With more services being brought into the Medicare payment bundle, which will be paid for by Medicare Part B, patients may see an increase in their out-of-pocket costs. Medicare Part B does and will continue to pay 80 percent of dialysis patients’ costs, leaving patients to secure secondary insurance coverage or pay the remaining 20 percent of their costs directly. With Medicare increasing the overall amount of money it will pay for patients’ treatments under Part B, the patients’ share of total costs will then also increase.

A portion of this increase will result from including the oral medications that are currently paid for by many patients’ Medicare Part D plans. For example, if a patient qualifies for a low income subsidy (LIS) to help with their prescription drugs, the subsidy will no longer be able to help pay for their drugs that fall within the bundle (the LIS would still cover non-dialysis drugs, however).

Additionally, like all Medicare beneficiaries, dialysis patients’ lab tests are currently paid for in full under Medicare, separate from treatment or medication reimbursement. Under the current proposed rule, lab tests will be moved into the bundle, meaning that they will be covered only at 80 percent and patients or their secondary insurance have to cover the remaining costs. Most ESRD patients either have private insurance or Medicaid and therefore do not have to cover the full 20 percent of dialysis costs out of pocket. Yet for those who do, the additional costs brought on by bundling may pose considerable financial hardship. Furthermore, it is unclear if Medicaid or Medigap programs will be willing to pick up the additional costs of labs and oral medications that they do not have to pay for currently.

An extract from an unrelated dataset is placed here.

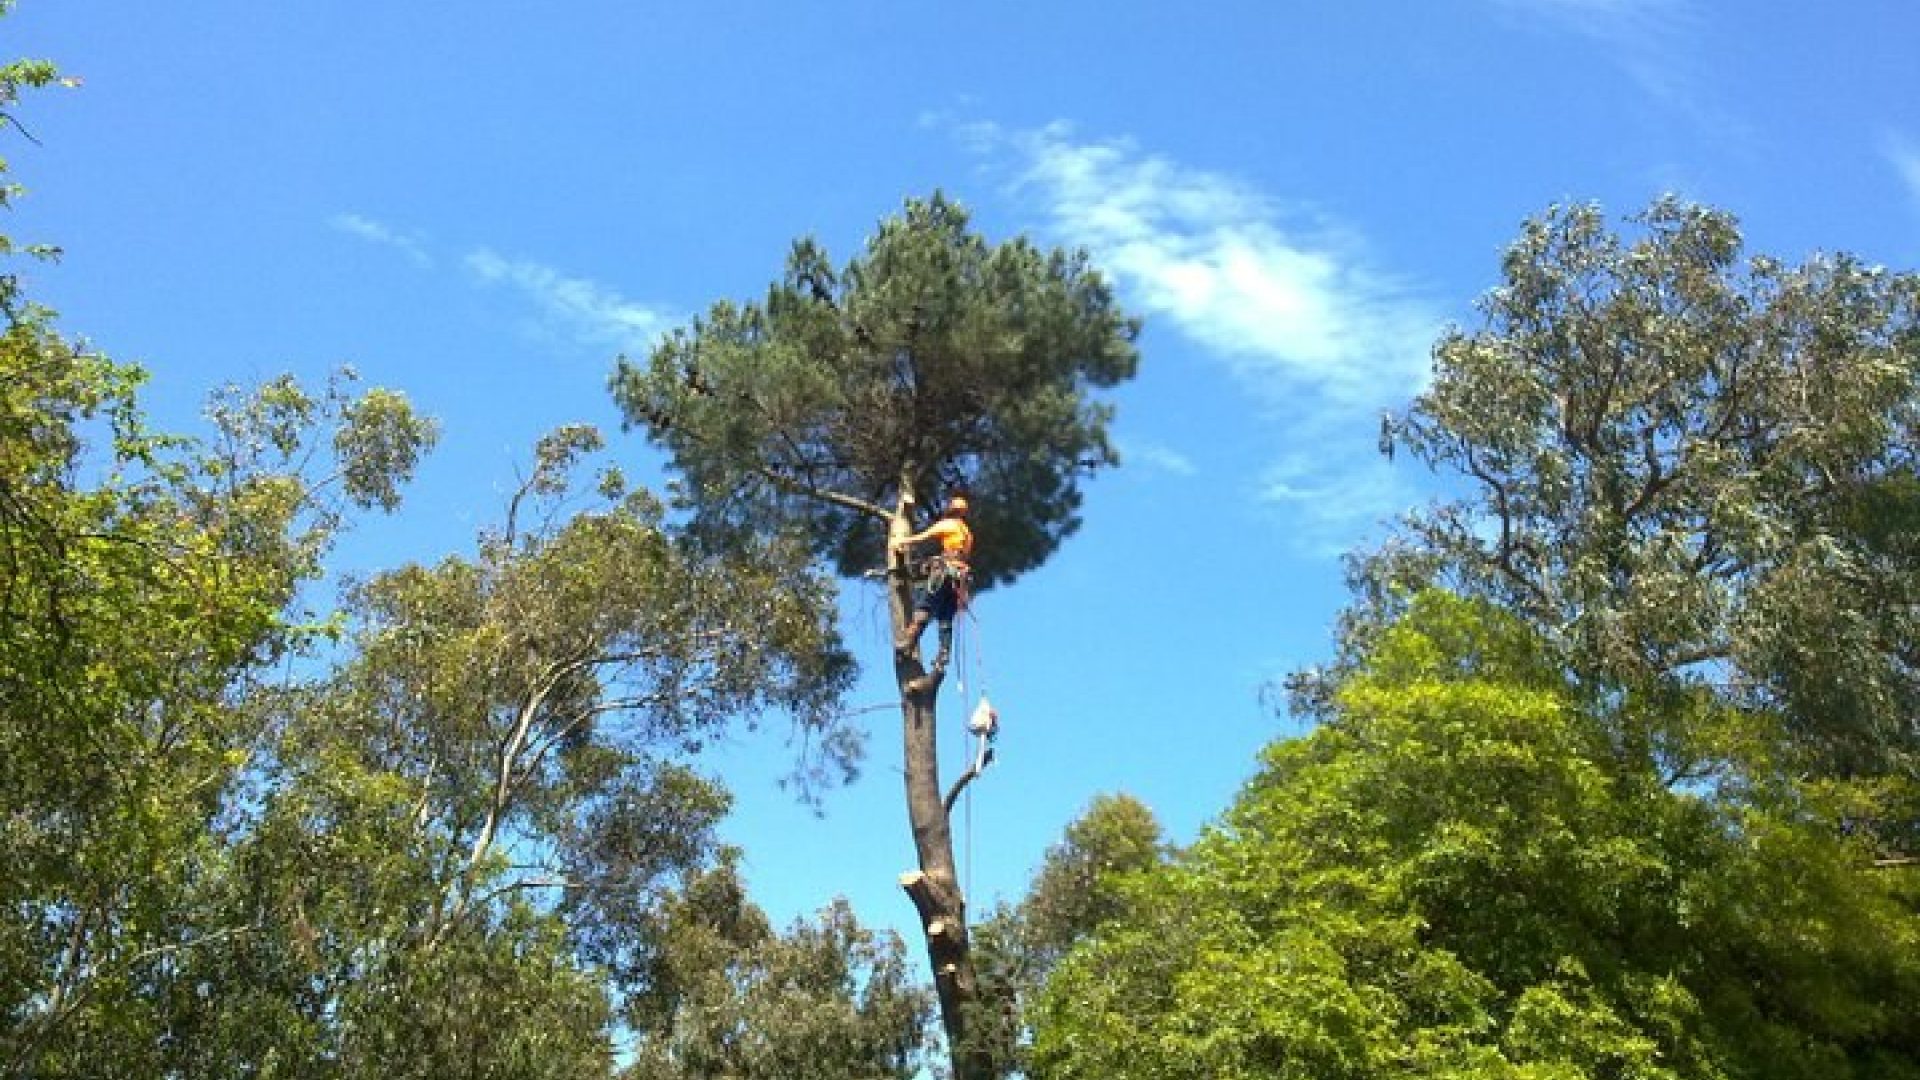 Somerville Tree Services - Removal - Pruning - Lopping - Trimming
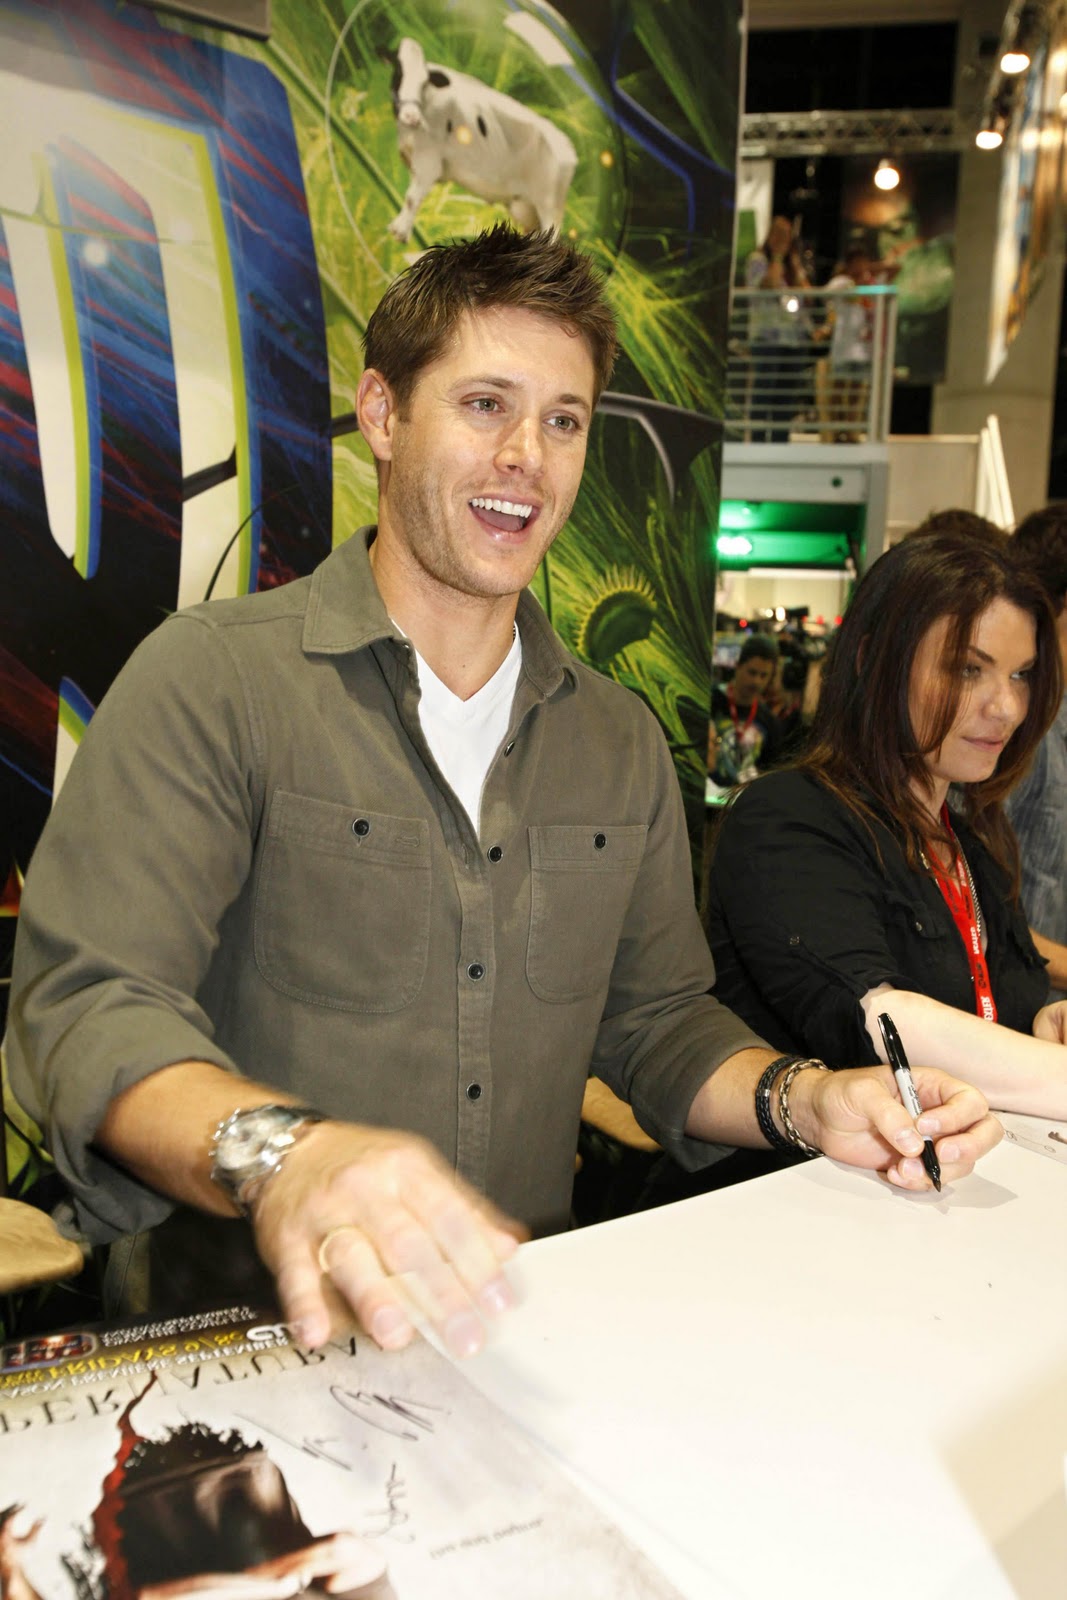 What Jensen Ackles Revealed About Directing at San Diego Comic Con October

Access to Home Dialysis Treatment

The incorporation of home dialysis training costs into the bundle could impact patients’ access to this valued treatment modality. Simply put, under the proposed rule, clinics will receive additional payment for each patient whether they choose to provide home training programs or not. Therefore, whether access to home dialysis will be more widely available to patients will depend on whether dialysis providers believe that creating more home dialysis programs or expanding current programs will be sustainable. In the proposed rule, CMS acknowledged support for home dialysis and proposed to pay peritoneal dialysis (PD) at the same rate as in center hemodialysis, even though its actual costs are less, thus providing an incentive for clinics to expand PD programs. However, they also made a few incorrect assumptions about home dialysis.